Although lessons from 2008 have helped authorities prepare and respond to the Qinghai tremor, Yushu poses many new challenges to the ongoing relief efforts.
Gyegu, the township hardest hit, is the seat of the Yushu prefecture government and home of 100,000 people. Surrounded by mountains and 4,000 meters above sea level, its narrowest strip is just about three square kilometers between two mighty hills. A 10-meter-wide river runs through this otherwise dry town covered with heavy dust, where the weather changes in a blink of the eye from sunny to snowy or windy.
During spring, nighttime temperatures in Qinghai can drop as low as -10 C, making life difficult for residents living in tents and those with only quilts to keep them warm, and dramatically reducing the chances of survival for those still trapped under the rubble.
Yushu county, which includes Gyegu, lies in the heart of the Sanjiangyuan region (its name reflects it is the source of three waterways that spawned Chinese civilization: the Yangtze, Yellow and Lancang rivers). People here live well below the national poverty line and per capita income in 2008 was about 1,900 yuan, barely enough to afford a month's rent in cities like Beijing and Shanghai.
Although its remote setting is seen as a treasure, it is also a major problem for rescue teams.
Options for transporting materials by road are extremely limited.
After the earthquake hit in Yushu, the most immediate aid came from Qamdo in the Tibet autonomous region, which is some 500 km away, and places scattered throughout the neighboring Garze prefecture in Sichuan.
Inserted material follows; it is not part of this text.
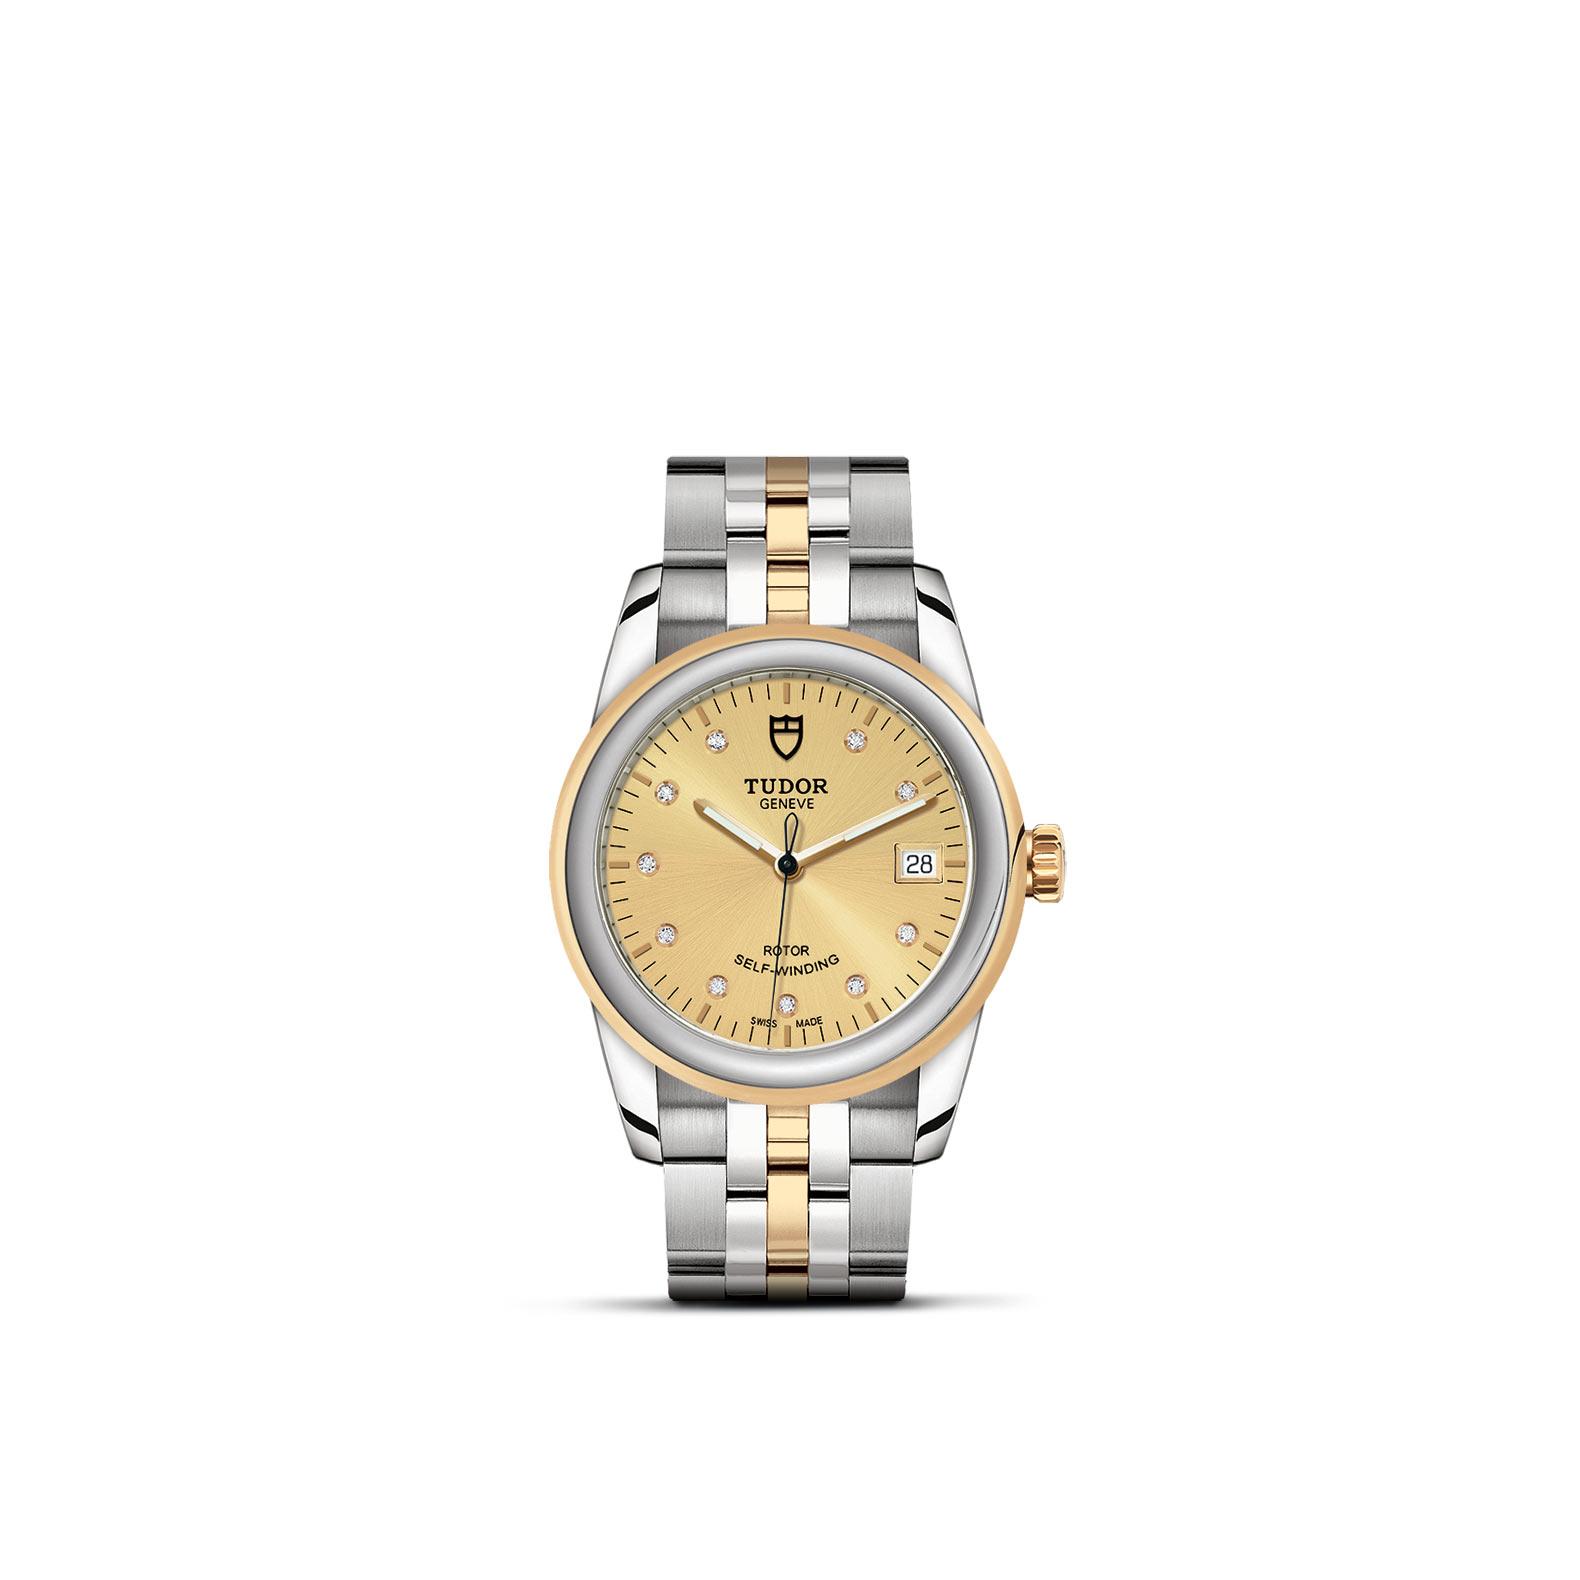 TUDOR Glamour Date M55003 0006 Upright

But most of the government's relief materials have been stockpiled in Xining, Qinghai's provincial capital, which is 840 km away from Yushu. The drive takes about 12 hours and includes crossing six bumpy, 4,000-meter mountains and two bridges that are reportedly "dangerous and under repair".
Since the earthquake last Wednesday, roads to Yushu have been jammed with cars and trucks ferrying in aid, rescuers, medical workers, reporters and monks. Volunteers were asked to stay away from the disaster zone after many who rushed to the scene developed severe altitude sickness, putting extra pressure on already stretched medical resources, said Wu Tianyi, director of the Qinghai Institute on Plateau Medical Science. However, undeterred, thousands have continued to pour into the region every day.
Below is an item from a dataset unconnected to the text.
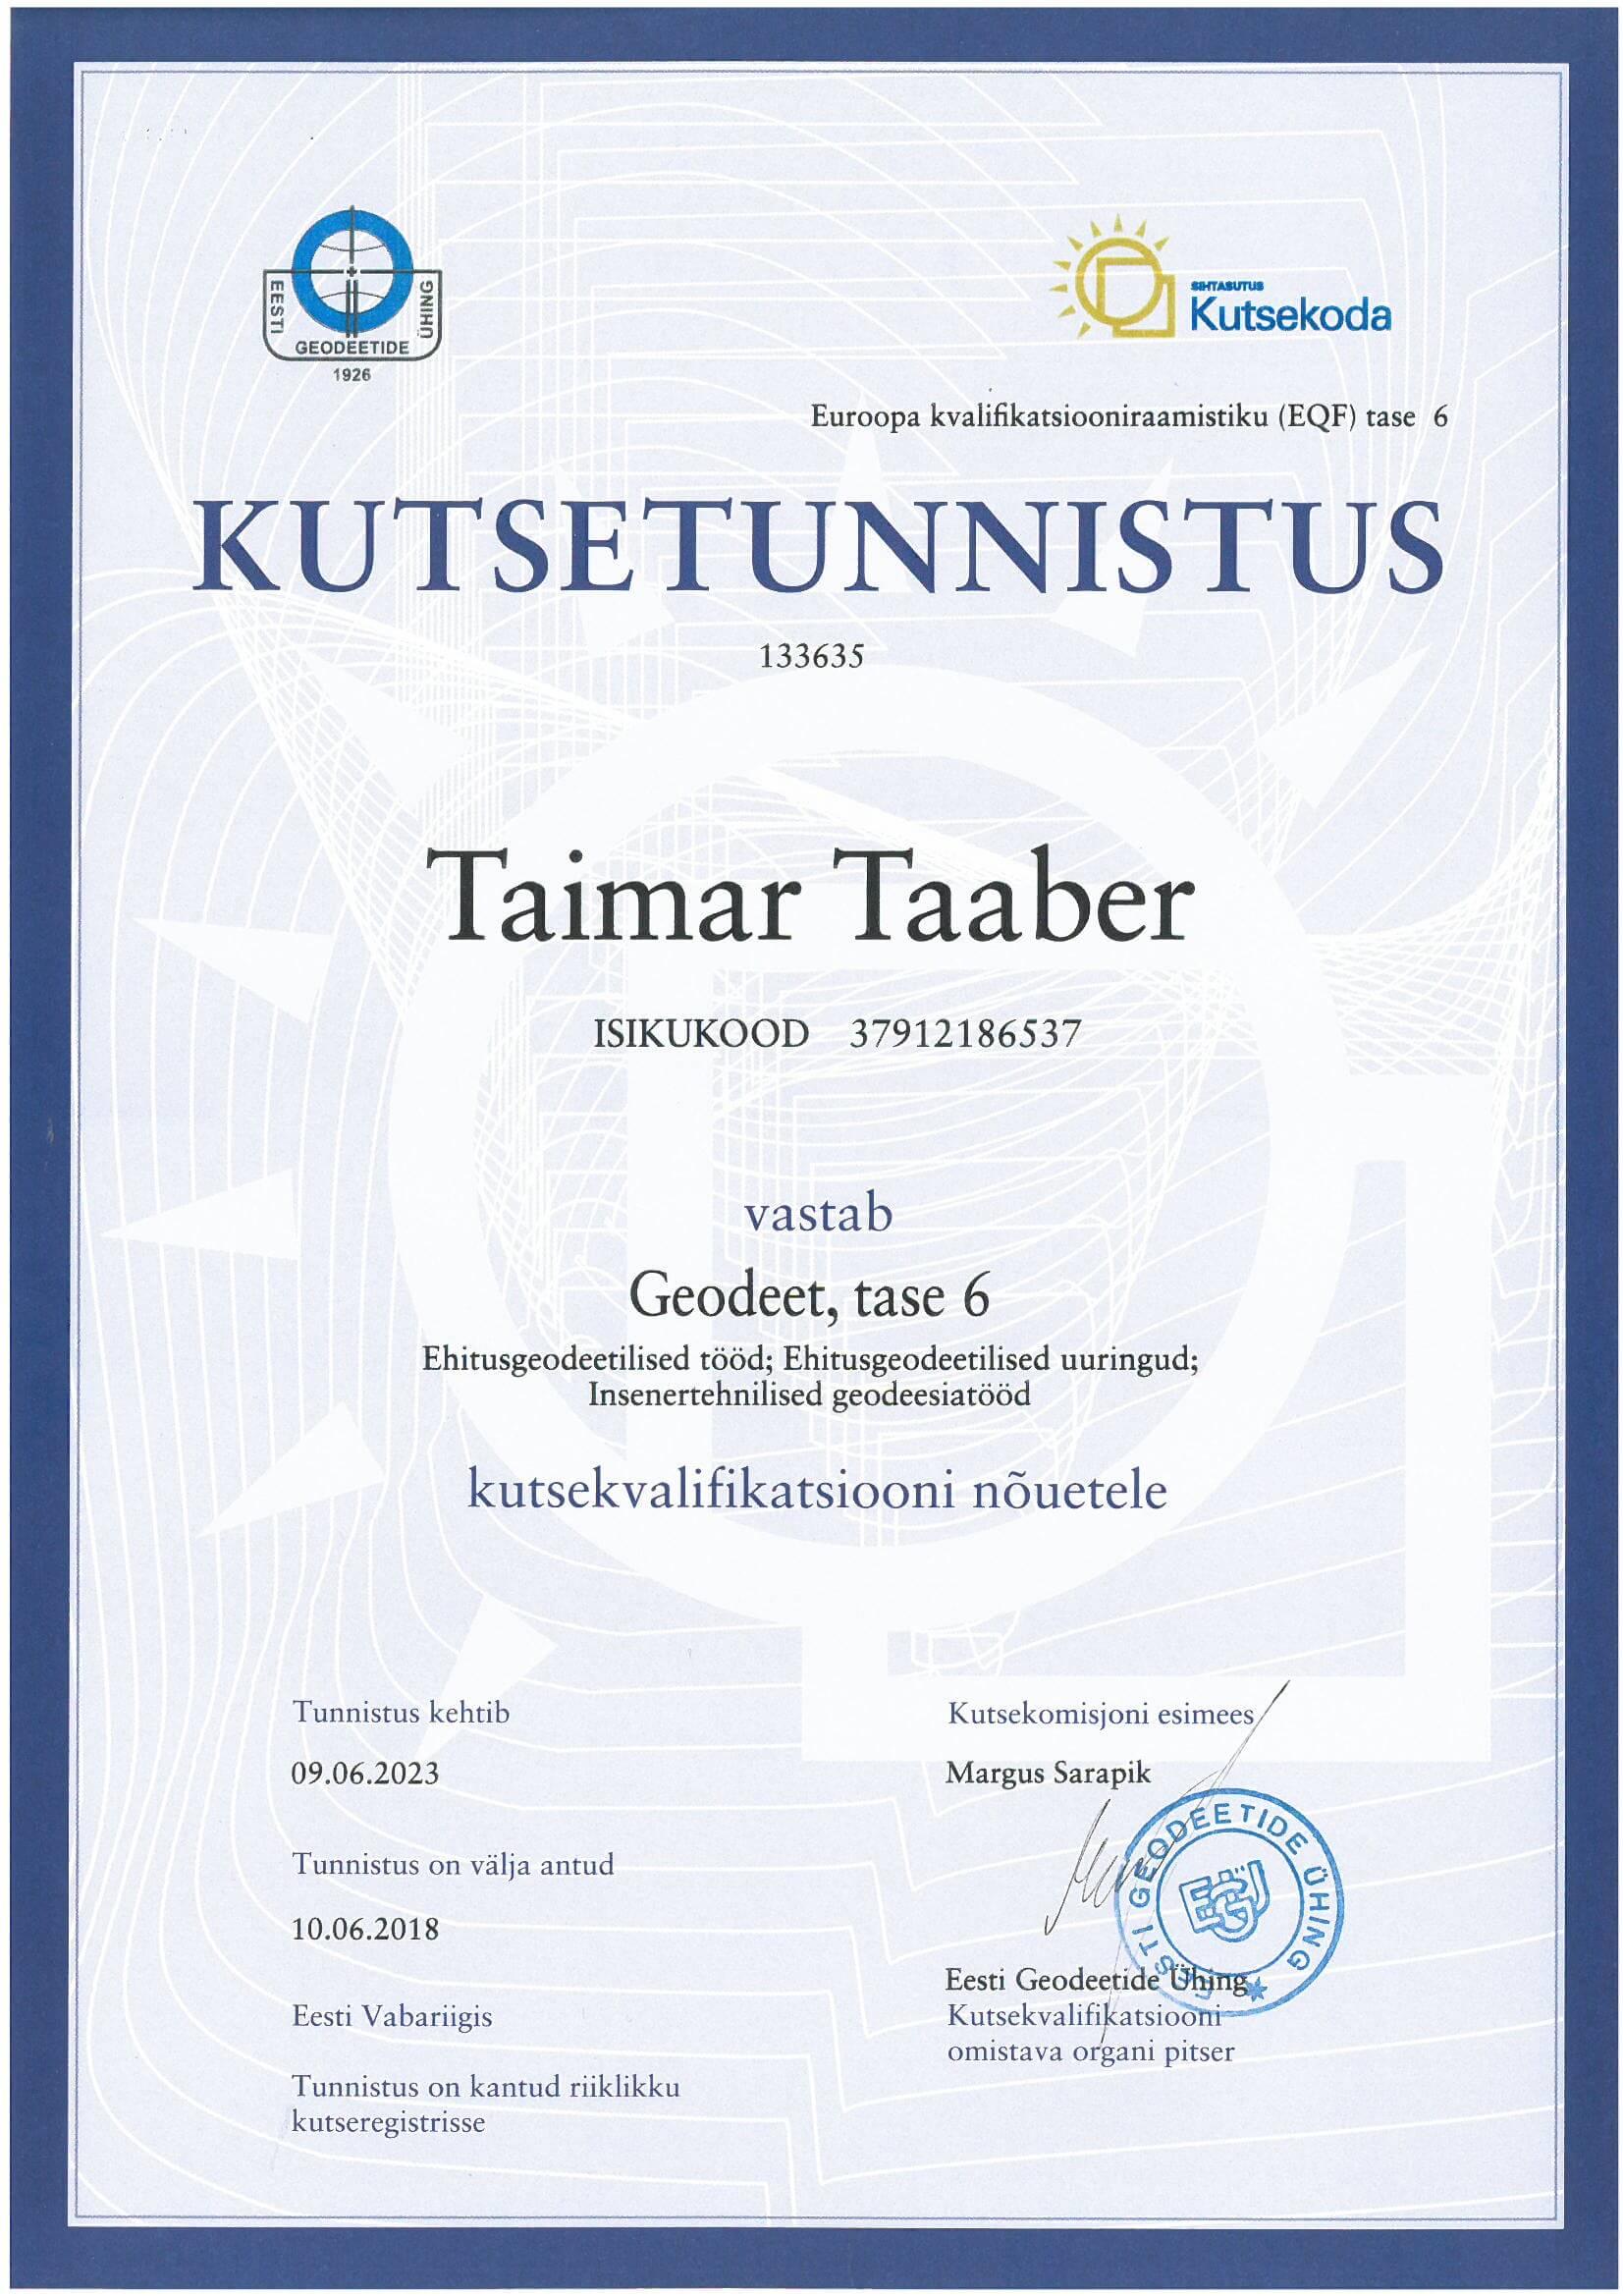 Kutsetunnistus Taimar Taaber

The only other access to Yushu is by air, but the plateau airport, which is about 30 km from Gyegu and is China's third highest after those in Qamdo and Lhasa in Tibet, only opened last August and cannot operate at night.
Services resume Despite enormous challenges, Yushu is slowly trying to get back on its feet. The city's two largest temporary settlements at Gyegu stadium and King Gesar Square now offer free rice and porridge for the survivors, and monks are performing tent-to-tent religious services.
Free phone services and makeshift medical centers have been set up in and around town, while smoke from cooking stoves can once again be seen on street corners.
Although computers at the post office are still not working, basic postal services have resumed. Over the weekend, handwritten letters and packages were set out by the truckload.
Shi Qi, manager of a company that makes temporary houses in Shenzhen, Guangdong province, led a team of staff to Yushu on Wednesday. By Saturday, they had built four sets of makeshift houses, each with five 20-square-meter rooms, in the Gyegu stadium.
These houses will be offered to medical workers at the stadium, said Shi, who aims to set up another 14 sets as soon as possible.
Sources with the local government told China Daily that most of the schools would resume classes from Friday.
Classes had already resumed at makeshift houses of the Yushu Orphans' School starting Saturday afternoon.